# Problem
Starting at the line that contains "Trolleys return to", restate every line word for word through the end of the entries.

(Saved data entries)
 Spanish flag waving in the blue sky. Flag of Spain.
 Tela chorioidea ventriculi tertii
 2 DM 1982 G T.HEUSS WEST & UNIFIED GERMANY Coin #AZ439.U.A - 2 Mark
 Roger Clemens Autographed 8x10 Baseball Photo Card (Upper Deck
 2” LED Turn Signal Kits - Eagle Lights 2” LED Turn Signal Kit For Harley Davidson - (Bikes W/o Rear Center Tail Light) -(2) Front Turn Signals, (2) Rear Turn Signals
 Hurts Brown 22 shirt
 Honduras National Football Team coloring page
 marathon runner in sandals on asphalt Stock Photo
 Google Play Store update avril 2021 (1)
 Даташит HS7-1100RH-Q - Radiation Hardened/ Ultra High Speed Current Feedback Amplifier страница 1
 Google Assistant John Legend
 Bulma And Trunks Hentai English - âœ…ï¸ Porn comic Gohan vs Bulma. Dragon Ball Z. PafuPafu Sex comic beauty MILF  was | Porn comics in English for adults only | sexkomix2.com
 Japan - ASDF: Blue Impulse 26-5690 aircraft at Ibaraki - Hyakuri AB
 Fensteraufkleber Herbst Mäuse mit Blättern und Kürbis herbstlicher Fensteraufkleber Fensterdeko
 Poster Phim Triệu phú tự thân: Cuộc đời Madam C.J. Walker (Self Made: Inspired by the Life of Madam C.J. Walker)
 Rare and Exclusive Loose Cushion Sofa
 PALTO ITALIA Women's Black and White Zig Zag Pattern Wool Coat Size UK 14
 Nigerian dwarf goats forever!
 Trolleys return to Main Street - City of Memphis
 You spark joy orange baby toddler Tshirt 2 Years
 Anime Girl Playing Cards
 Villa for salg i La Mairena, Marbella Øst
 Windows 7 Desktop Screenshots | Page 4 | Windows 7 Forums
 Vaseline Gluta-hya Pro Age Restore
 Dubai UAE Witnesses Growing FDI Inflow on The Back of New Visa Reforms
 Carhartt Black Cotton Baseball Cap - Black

# Solution
 Trolleys return to Main Street - City of Memphis
 You spark joy orange baby toddler Tshirt 2 Years
 Anime Girl Playing Cards
 Villa for salg i La Mairena, Marbella Øst
 Windows 7 Desktop Screenshots | Page 4 | Windows 7 Forums
 Vaseline Gluta-hya Pro Age Restore
 Dubai UAE Witnesses Growing FDI Inflow on The Back of New Visa Reforms
 Carhartt Black Cotton Baseball Cap - Black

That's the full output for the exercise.